When former Miss Teen Lincolnshire Danielle Terry entered the world of pageantry, it’s fair to say that she did so with the same apprehensions that any of us would, unnerved by the stigmatized shadow that shows like Toddlers and Tiaras cast over the cat walk.
Most expect self-love to be the cynical reason for applying, rather than a beautiful consequence. It’s a lot easier to hate someone for loving themselves than it is to encourage it, and other than masking disguised jealousy, I’ll never understand why.
I went to secondary school with Danielle, and for someone who struggled greatly with self-image, I’d never have predicted pageantry as being the next stage in her life.

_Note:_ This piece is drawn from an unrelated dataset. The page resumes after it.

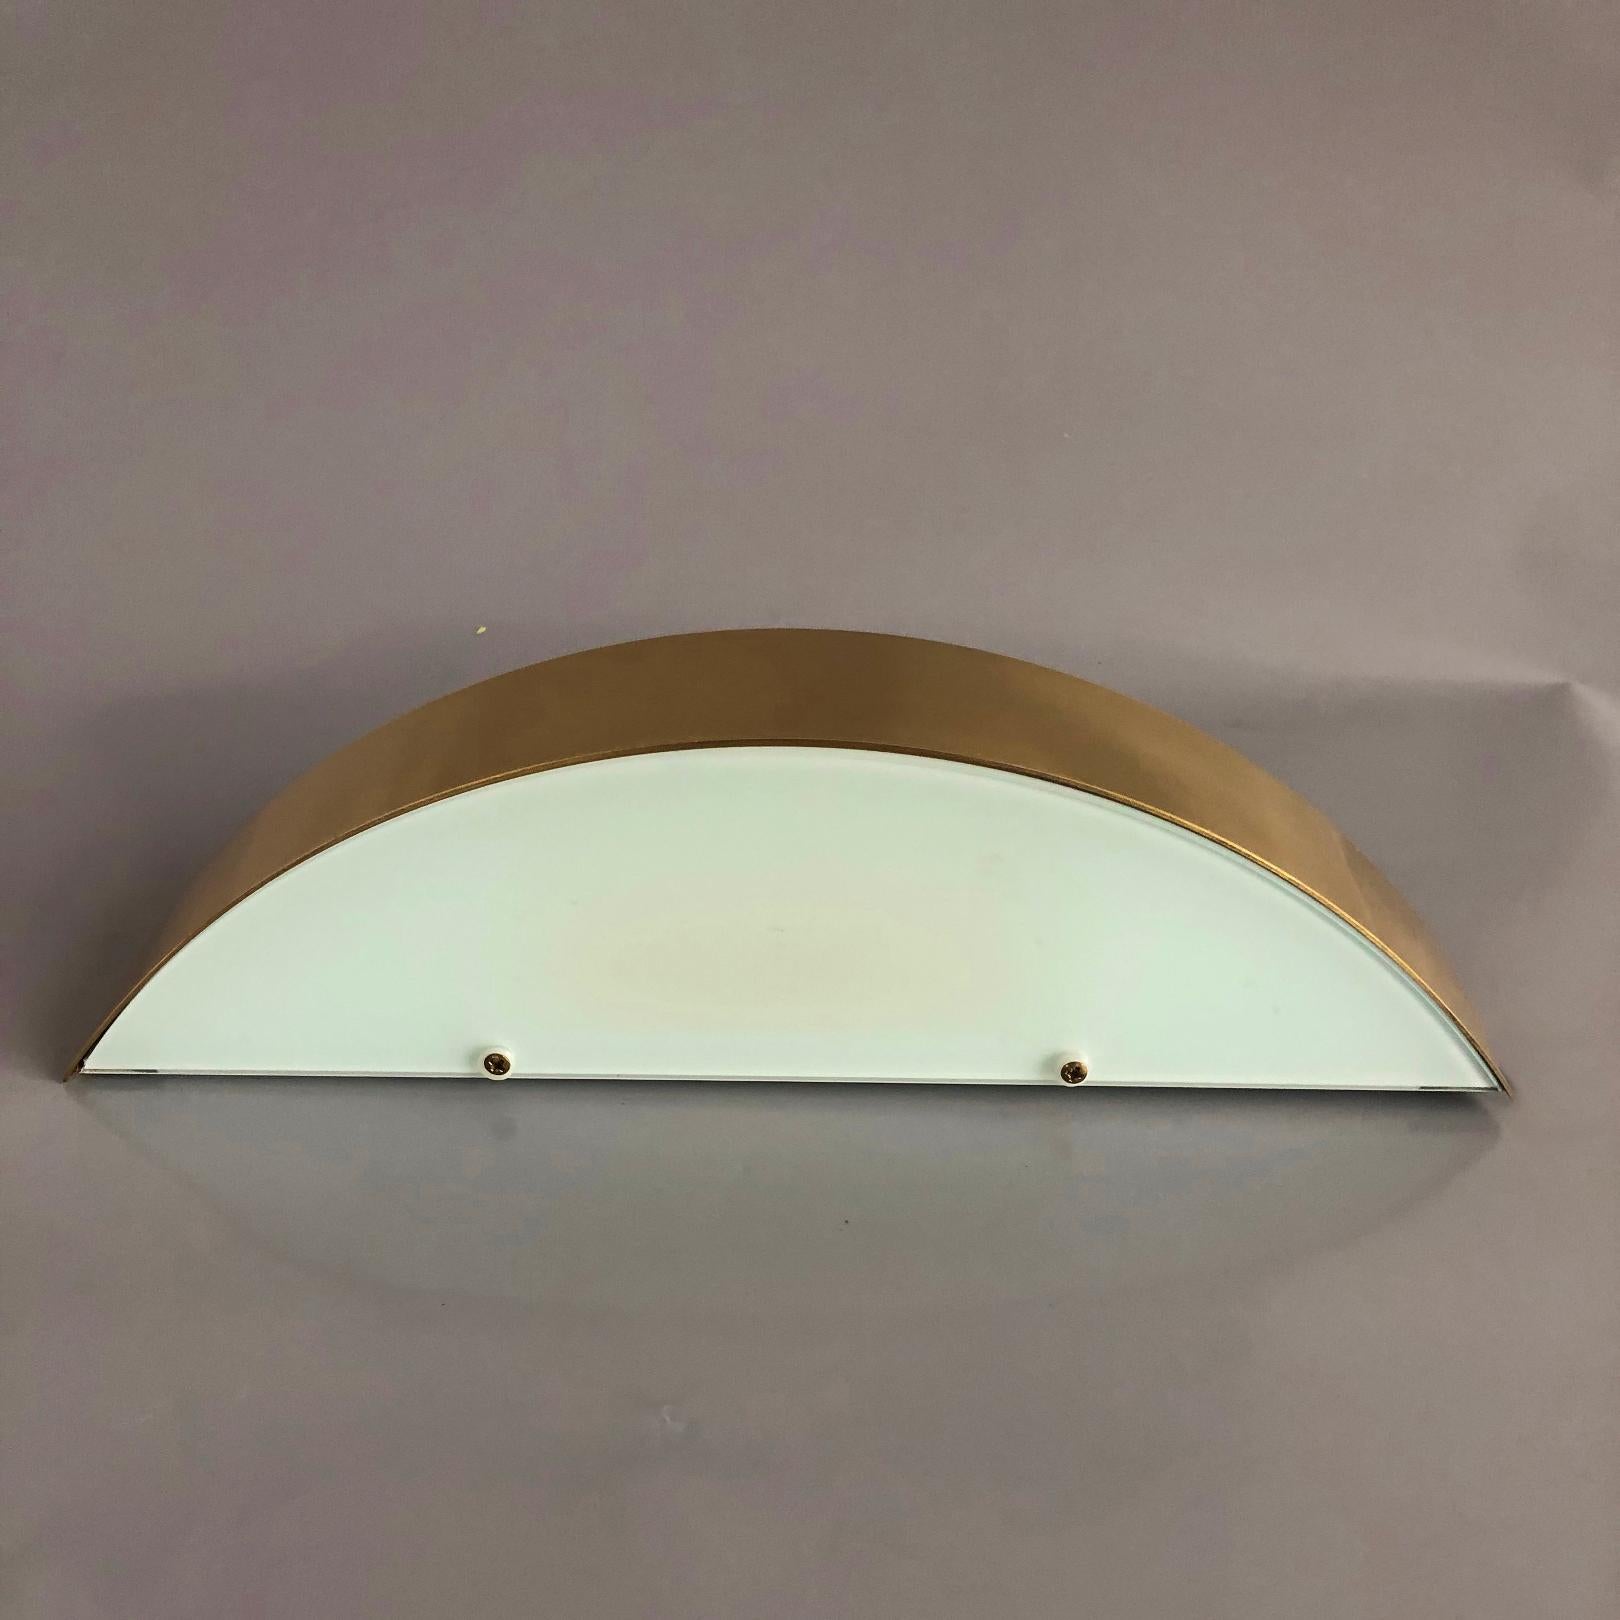 This Minimalist wall light in an was custom made in limited edition for a luxury hotel. This wall light model was not available on the market.

“They are not just looking for pretty girls. It’s about your confidence and grace. Nothing is about the face. Even when I had my makeup on, I still made sure I looked like me.”
The more she refuted the term ‘beauty’ pageant, the more intrigued I became. However, after reading their ethos, Miss Teen Great Britain was far different to what I’d expected.
With 50% of the overall score reliant on a successful interview, it was clear that character was important. This is far from the “How would you save the world?” rehearsed answers that judges can sob over. No, this is a real character exploration. Winning is something they earn through effort and experience, not through a spray tan and flippers.
Expanding on such experiences, she explained the plethora of charity work that the girls get involved in prior to the final. Last years contestants raised over £40,000 for Together For Short Lives.
“I had such an amazing year in the build up to the pageant. It’s not just about the actual day, it’s about representing your local area and getting involved. I wanted to do something valuable, and my platform allowed me to do this.”
Regardless of our cynicism, the face of pageantry has evolved. Greeted with her elegant posture and glamorous hair and makeup, it was initially difficult to look past the stigma, but as we spoke, I felt her confidence and her genuine desire to advance herself exude through her smile.
“I never entered with the expectation of getting a crown. I wanted to make new friends and experiences, and that’s what I did.”
For these girls, winning is now simply a bonus.